And this is why Nature hates You!

You know, so many people say this world is beautiful. Look at it: It is filled with life. There is life everywhere. Is life not beautiful?
Well, I guess I have news for you: 99% of all species that have ever, ever, lived on earth, have died out. Some of the one’s that survived a little longer, in fact have been tremendously successful, are sharks and octopi. Not exactly the animals most liked by the people who say: Earth is made for life.

Someone once coined the line “Evolution takes no prisoners”. This is true. Evolution is cold, nasty and sometimes has an evil sense of humour, as this caricature amply shows:

Predator and Prey by Felipenn

Predator and Prey by Felipenn

Now what has this all to do with Steampunk? Well, believe it or not, Steampunk is evolving, too. Human culture evolves in very much the same way nature does. The scene changes in vague and subtle ways and when we look back in 20 years (in very much the same way I look back ion my early days as a heavy metal and Sisters of Mercy fan) we will see just how much has changed.
New influences are coming in, maybe older ones are leaving. Although right now, Steampunk is still expanding, little if anything is being pushed out at the edges. An example very close to home:
My blog was recently called:

skewed slightly toward Lovecraftian steampunk.

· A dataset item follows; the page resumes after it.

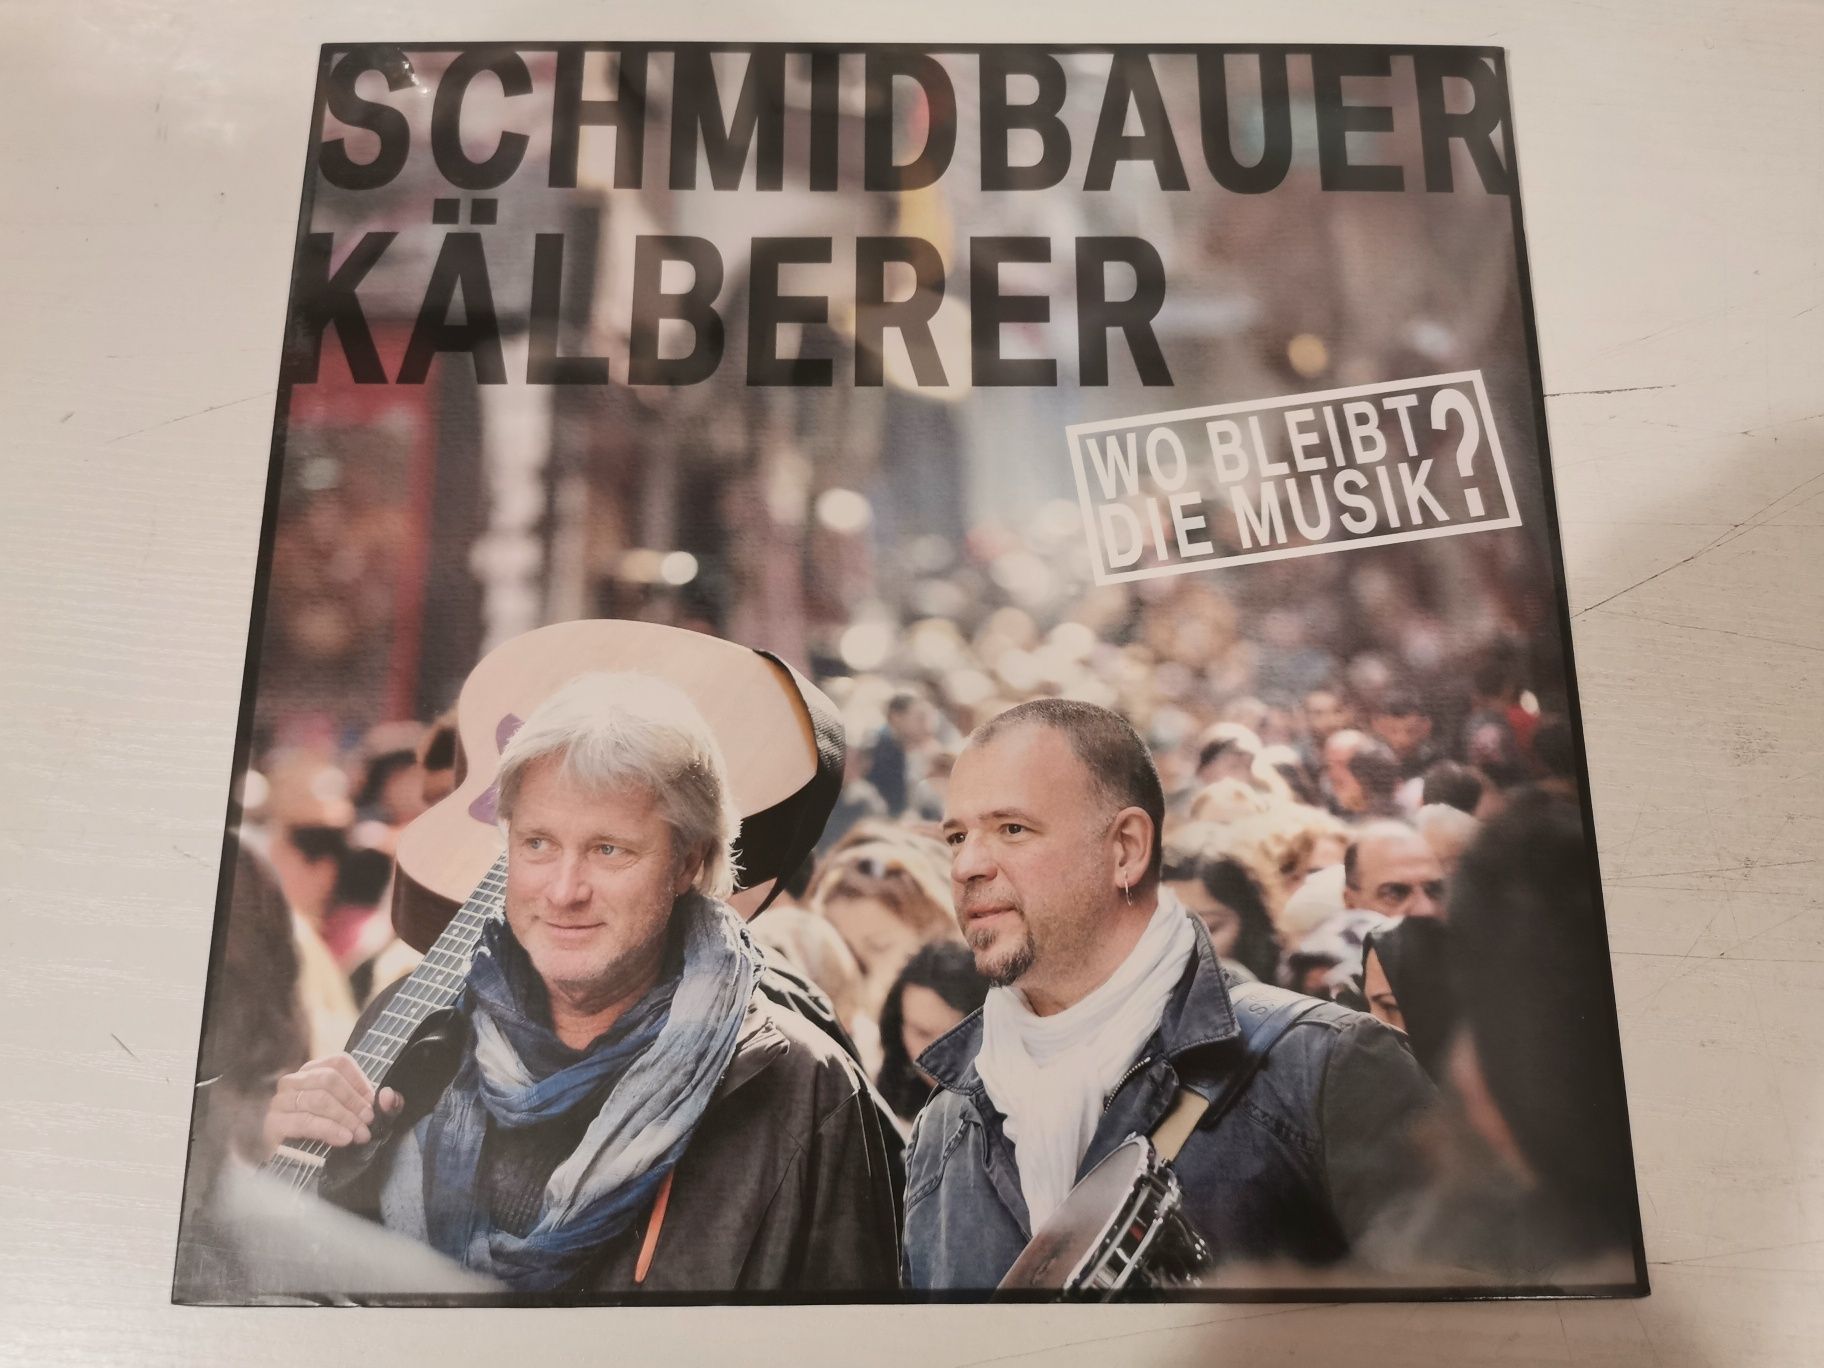 Schmidbauer Kalberer - Wo bleibt die music, LP Winyl, nowy

I totally agree with that statement. It seems the Lovecraftian Mythos is quite popular in the scene, just go looking for it on the ætherweb. Plenty of sites mixing Steampunk and Lovecraft, a popular example is Myke Amend’s art.

I think some Steampunks think Lovecraft is horror and has nothing to do with Steampunk, i.e. it is not part of the scene. For me, operating out of Europe, I think Weird West is a bit on the fringe but this is purely cultural. I am rather convinced some of my American friends would be puzzled about my interpretation of German miliary Steampunk, The Kaiserliches Zeppelinkorps, since it is unlikely the way they imagine it (it is historically far more accurate). No, this is not intended as a snide remark, I have encountered Americans with German personas and find them rather stereotypical in an unfortunate way.

It would be like every European Steampunk with an American persona would pick a name like “Jack Strong” or “Charly Jones” or “Bill McFly” and they would always be from Texas or New York City.

Still, this is all well and good. It means diversity. Steampunk is now big enough to encompass a number of biotopes, or rather sociotopes for Steampunks of all shapes and sizes to grow into and evolve. So, let us evolve together into a future where we are all bigger, faster and stronger!

If we do not manage this, Steampunk will be replaced by stronger, fitter subcultures and we do not want this, do we?